In one embodiment, the input to the database query generator module 150 is the set of relational algebra expressions that were produced by the relational algebra transformation module 140. These expressions describe the computations required to evaluate the spreadsheet formula. The relational algebra expressions are a formal way of representing data manipulation operations. They consist of various operators and operands that define how data should be retrieved, filtered, joined, and transformed to obtain the desired results.
In certain embodiments, the module utilizes Apache Calcite, an open-source framework for optimizing and processing SQL queries and relational algebra expressions. It provides a RelToSql Converter component that can be used to translate relational algebra expressions into database queries.

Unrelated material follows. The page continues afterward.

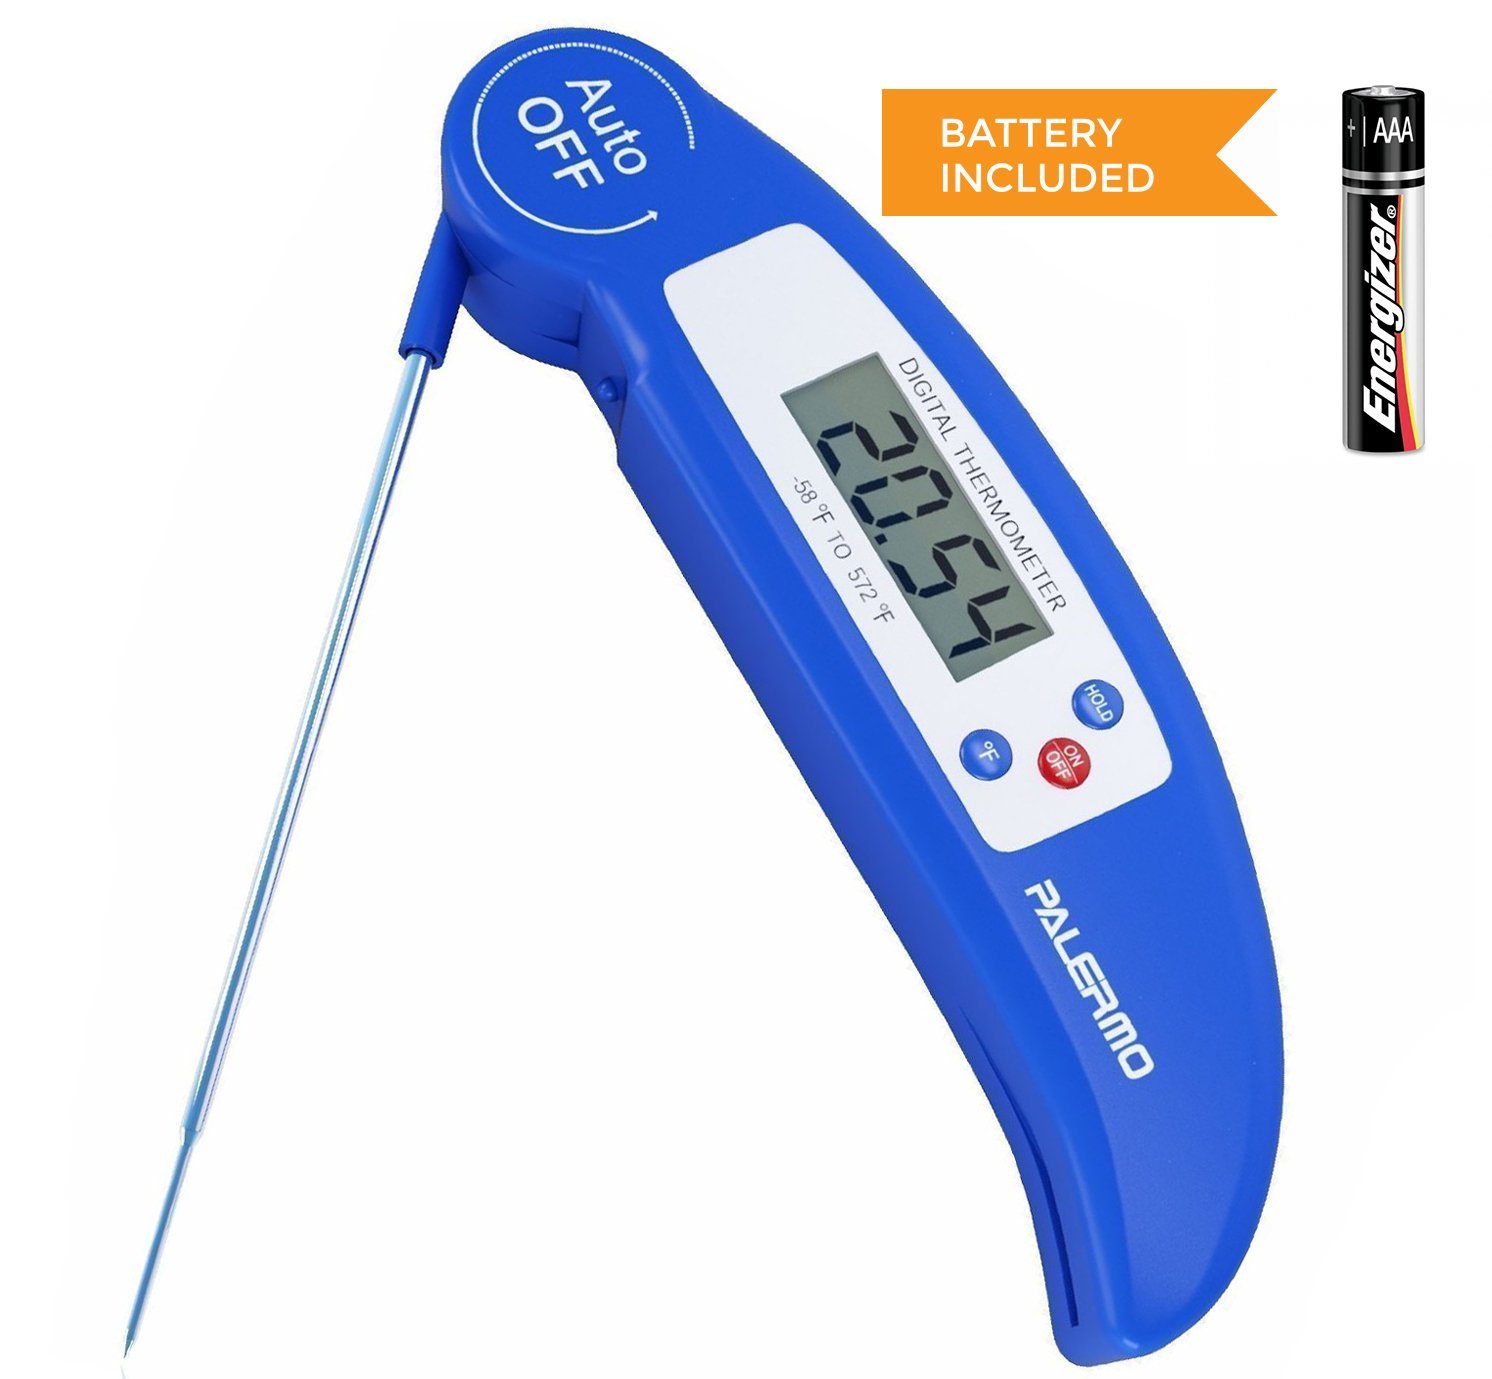 Thermometer photo
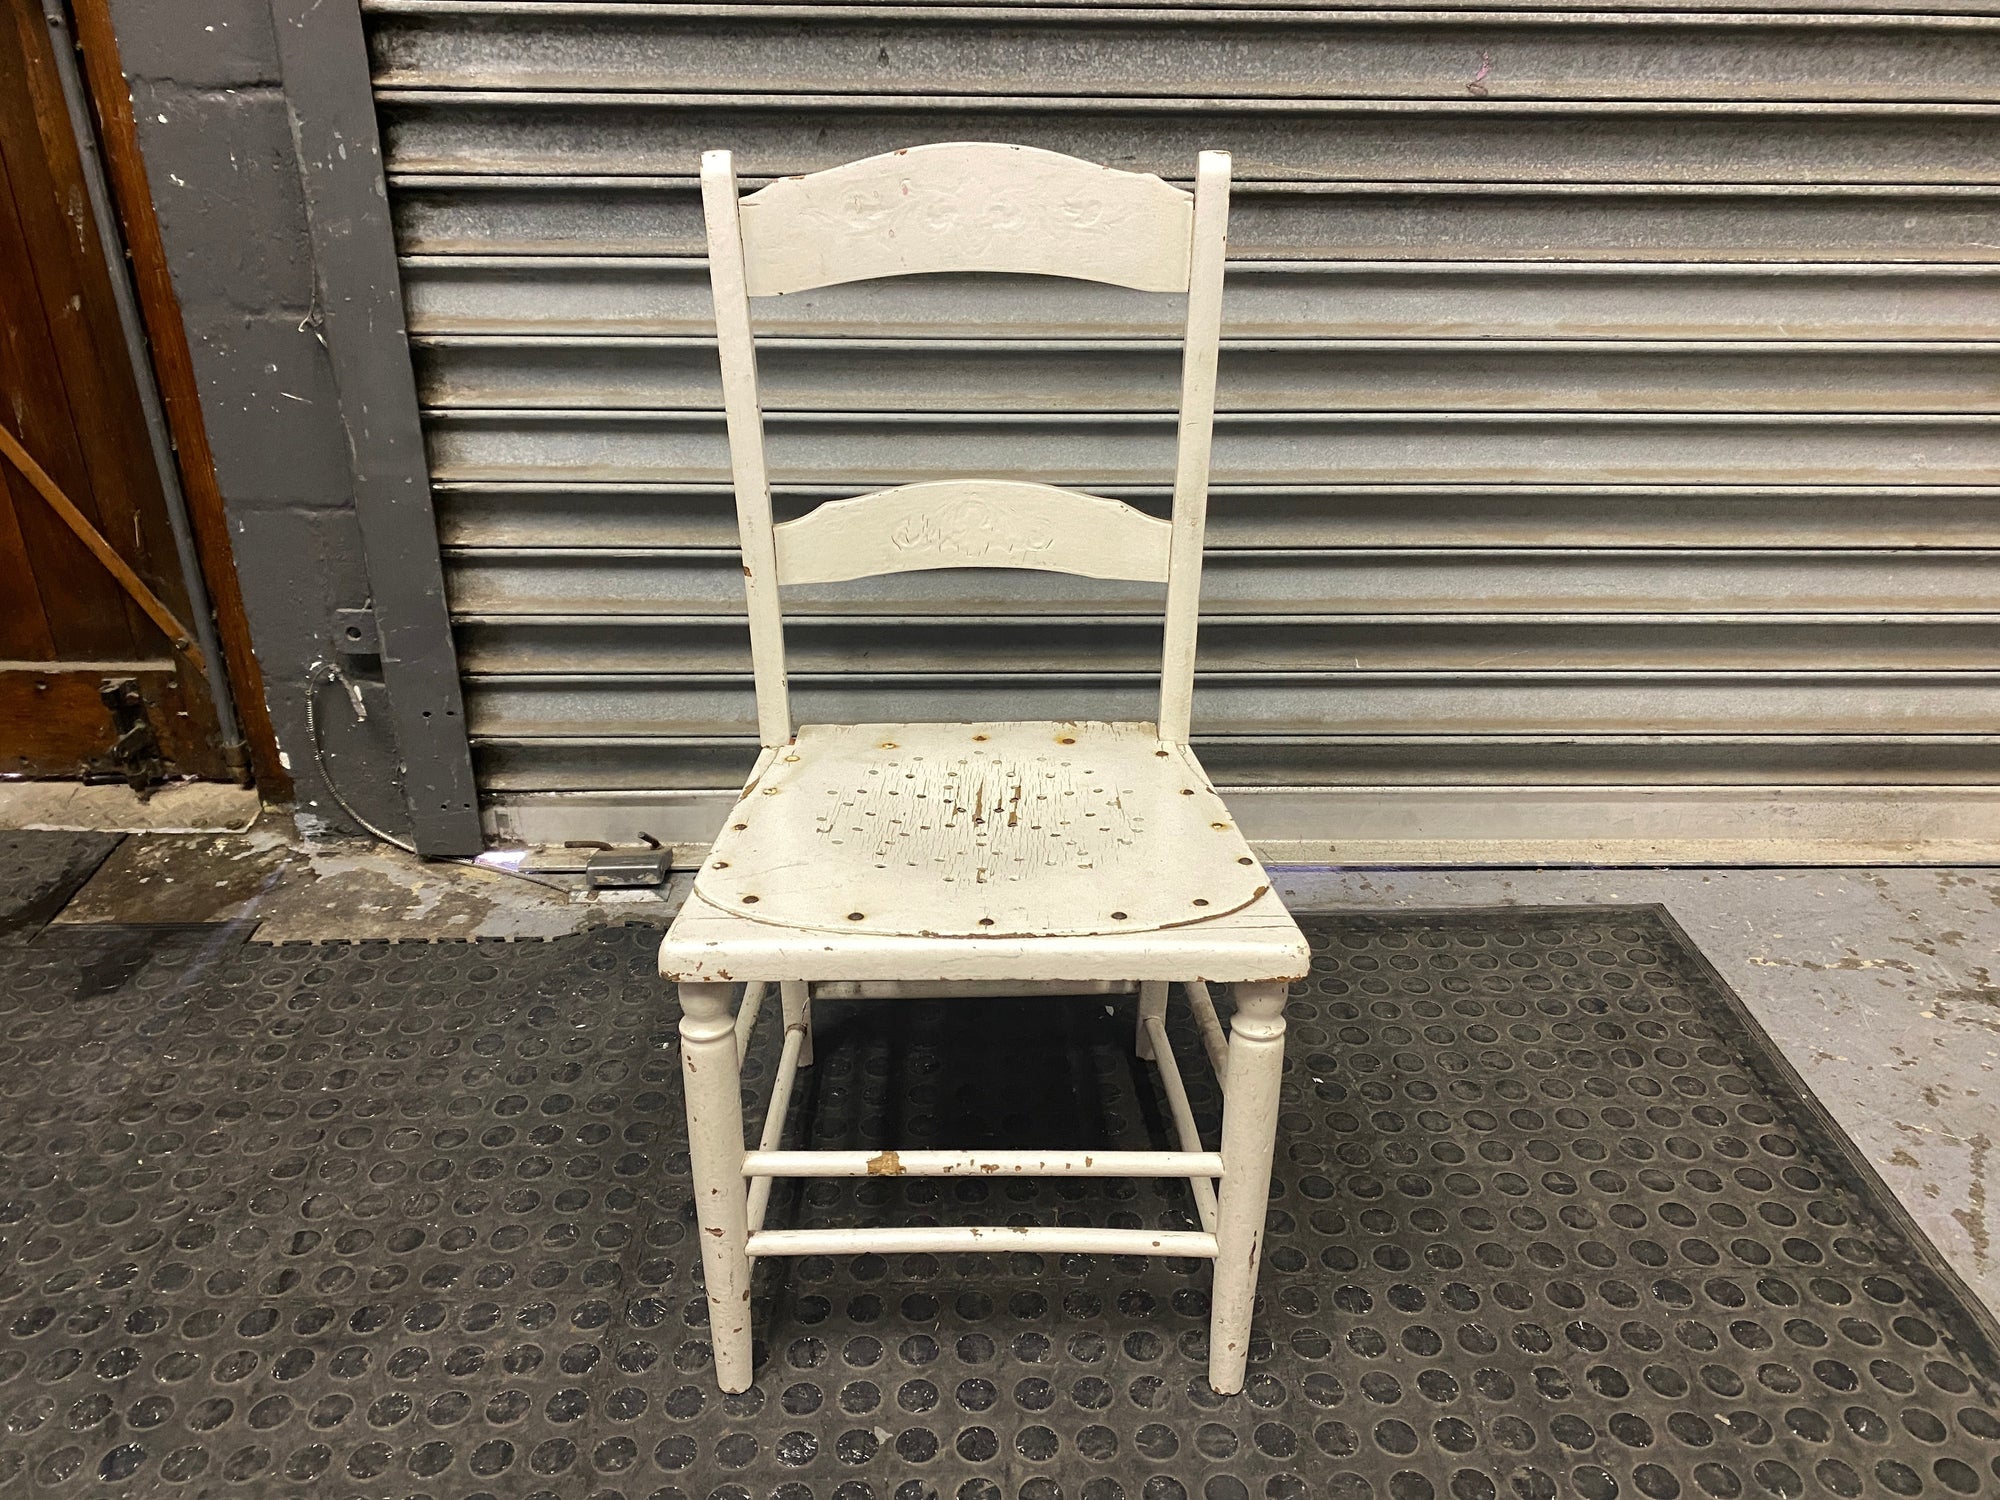 Wooden White Dining Chair - PRICE DROP - PRICE DROP

In one embodiment, during the conversion, the database query generator module 150 maps the various relational algebra operators and expressions to their corresponding database constructs (e.g., SQL constructs or the like). Based on the mappings and transformations, the database query generator module 150 generates one or more database queries (e.g., SQL queries or the like) that express the same logic as the original relational algebra expressions. These database queries are structured to interact with a database or data source, making them executable for data retrieval and computation.
In another embodiment, depending on the requirements of the system, the module may choose to perform further query optimization using Apache Calcite's capabilities. This can include optimizations like predicate pushdown, join reordering, and index selection to improve query performance.
In another embodiment, the output of the database query generator module 150 is one or more database queries (e.g., SQL queries or the like) that can be executed against a database or data source to compute the results of the spreadsheet formula efficiently.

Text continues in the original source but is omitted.